→ **What this task involves**
Write the data out again, character for character, with no images.

→ **Source material**
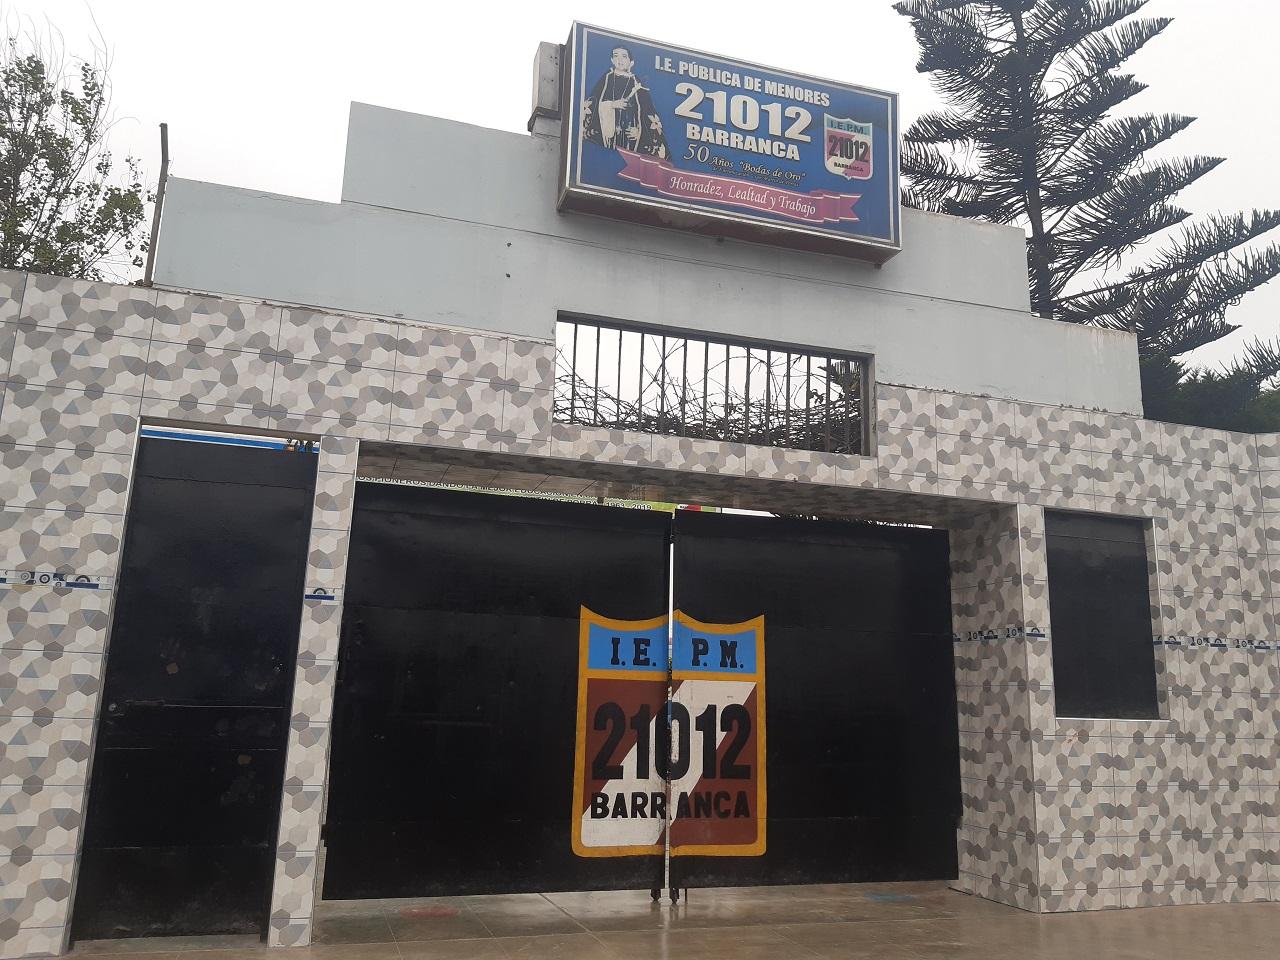 Escuela 21012 - Barranca
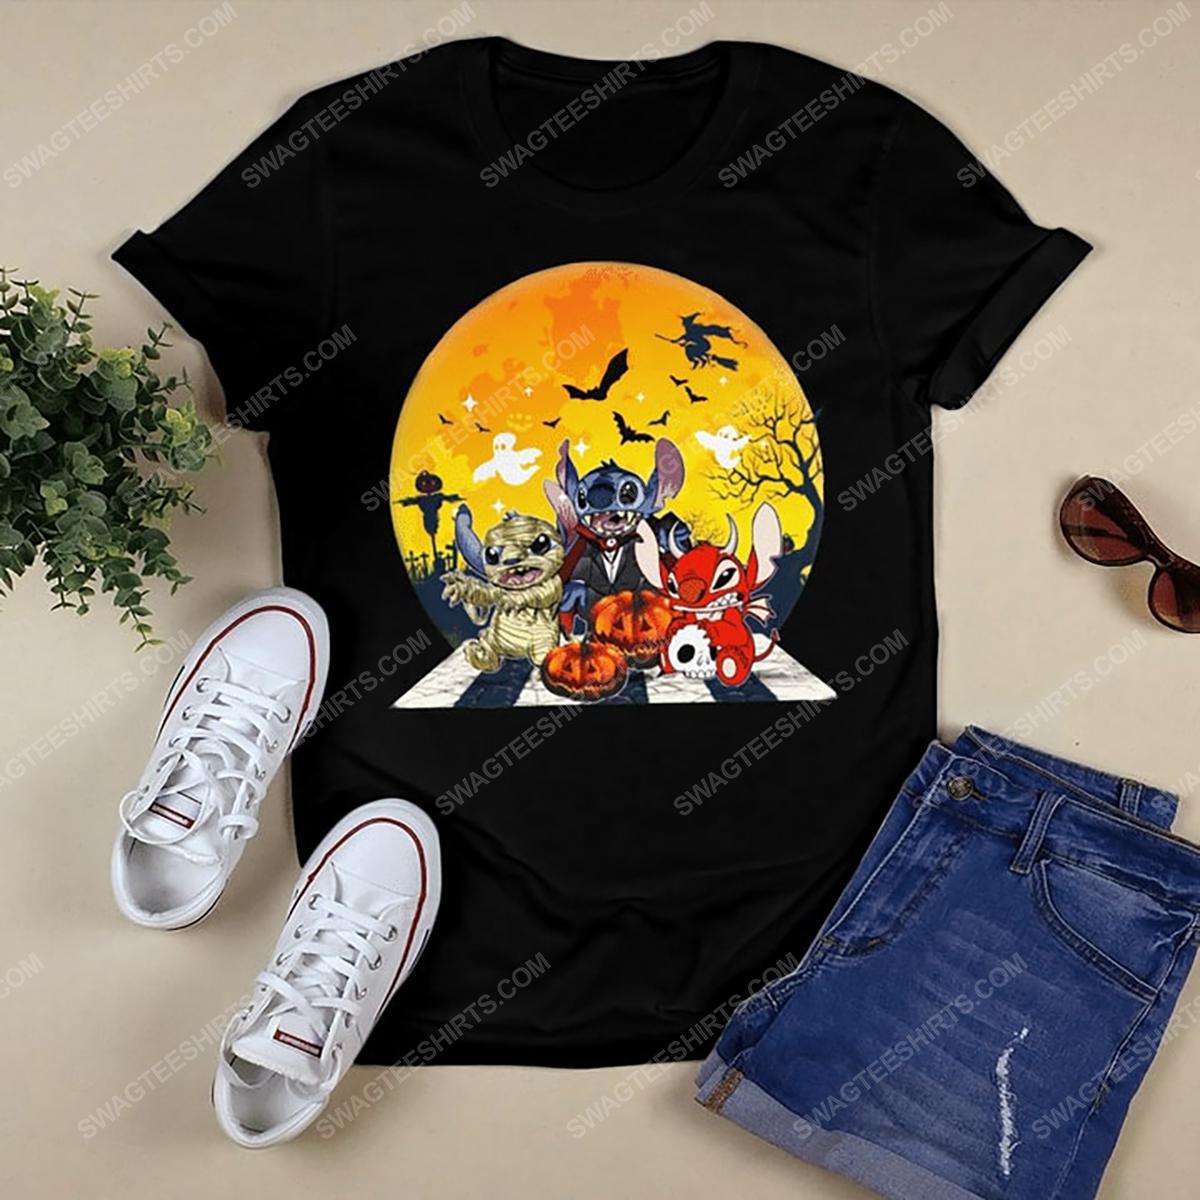 Halloween night stitch cosplay horror characters tshirt 1
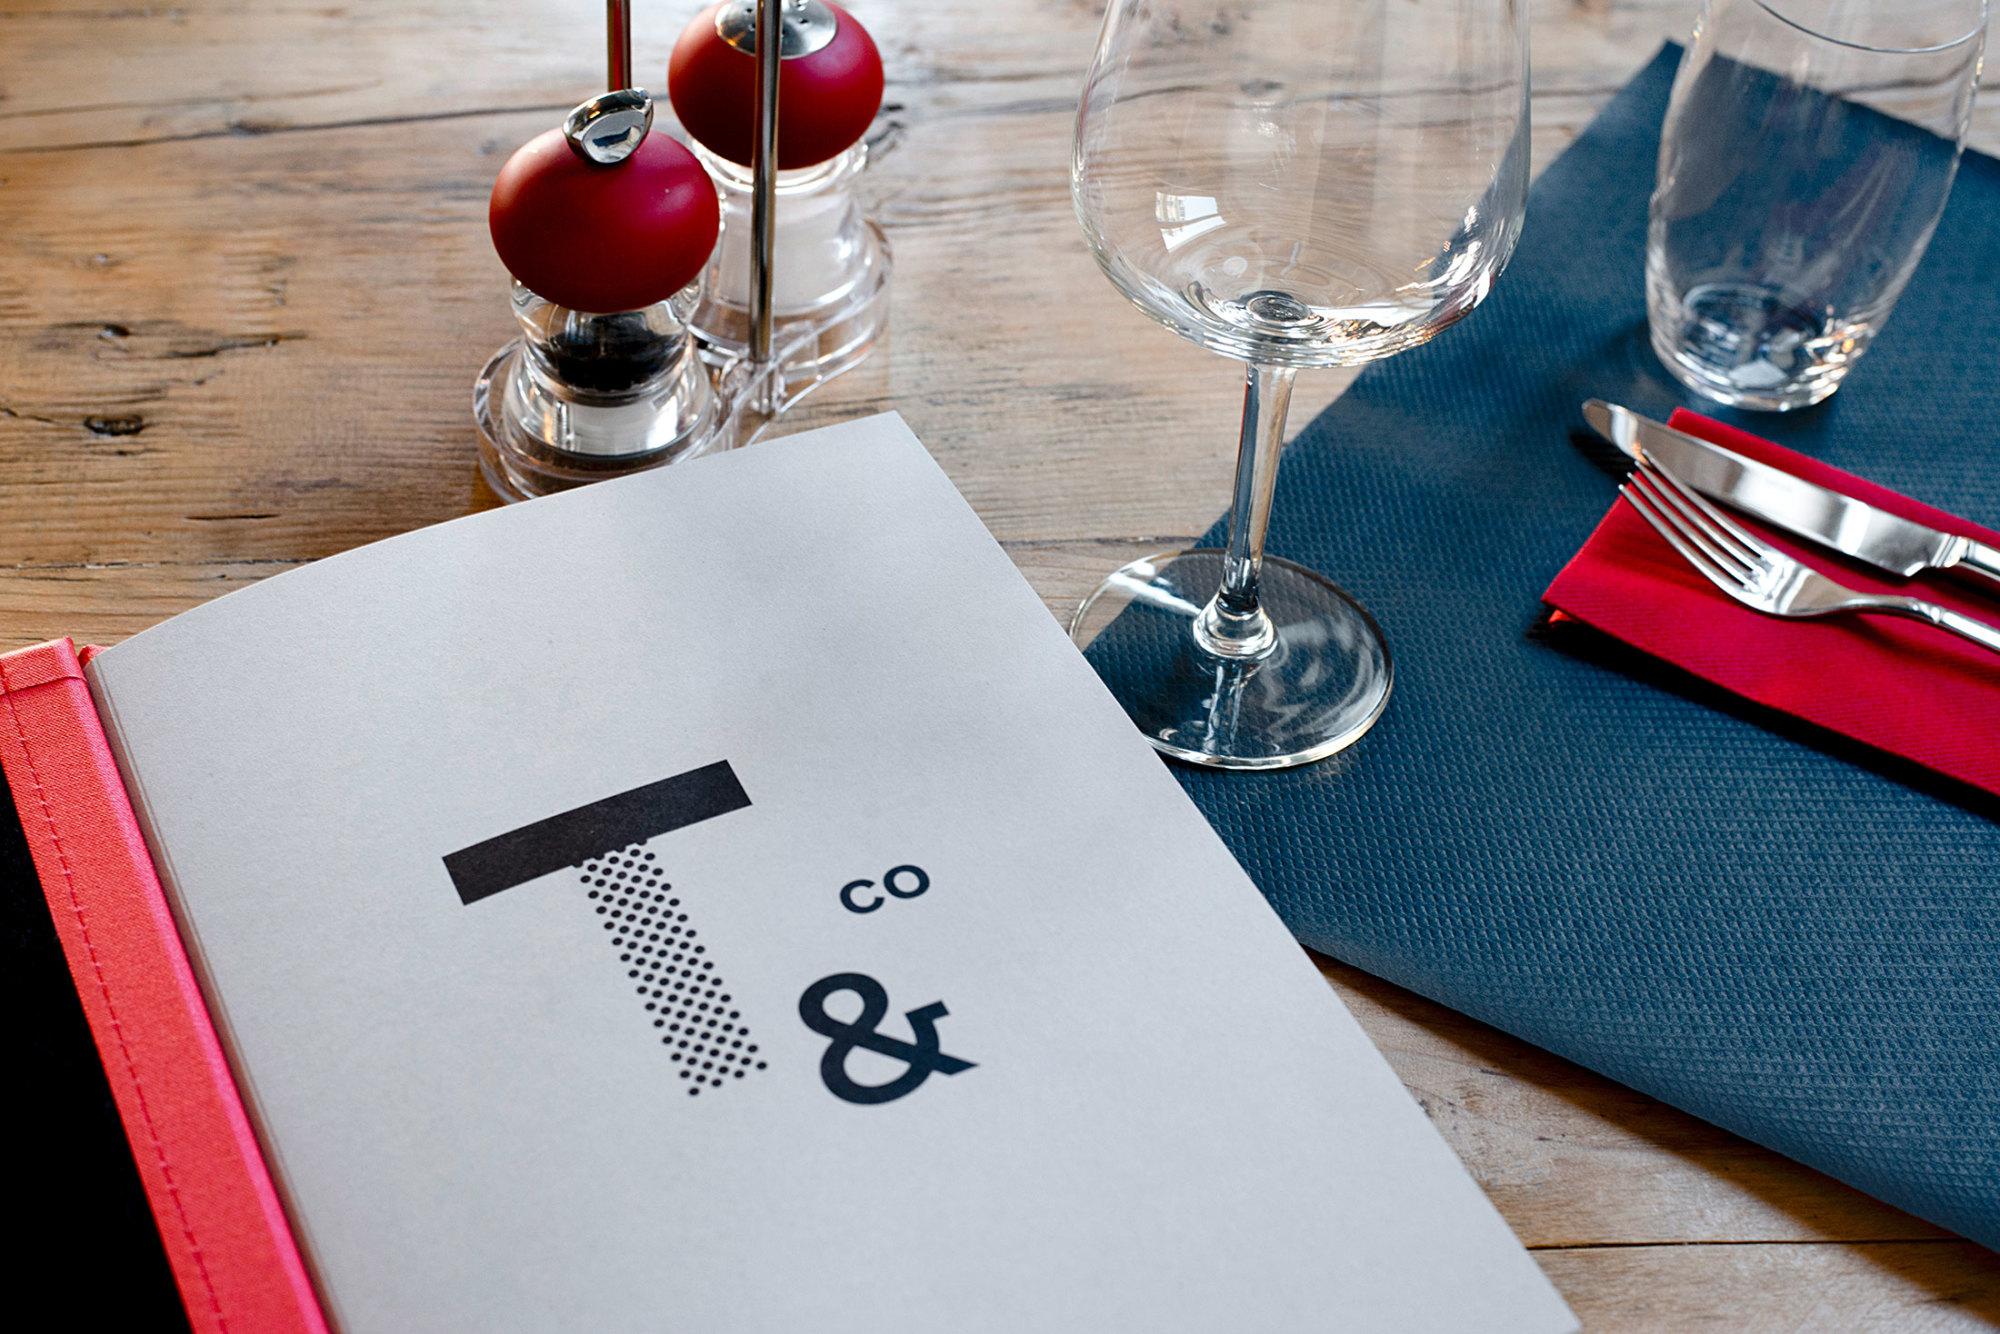 Graphisme Geneve graphic design graphique direction artistique logo identité visuelle identity branding brand  tartares & co bar restaurant grand prix 2015  menu

→ **Response**
 Escuela 21012 - Barranca
 Halloween night stitch cosplay horror characters tshirt 1
 Graphisme Geneve graphic design graphique direction artistique logo identité visuelle identity branding brand  tartares & co bar restaurant grand prix 2015  menu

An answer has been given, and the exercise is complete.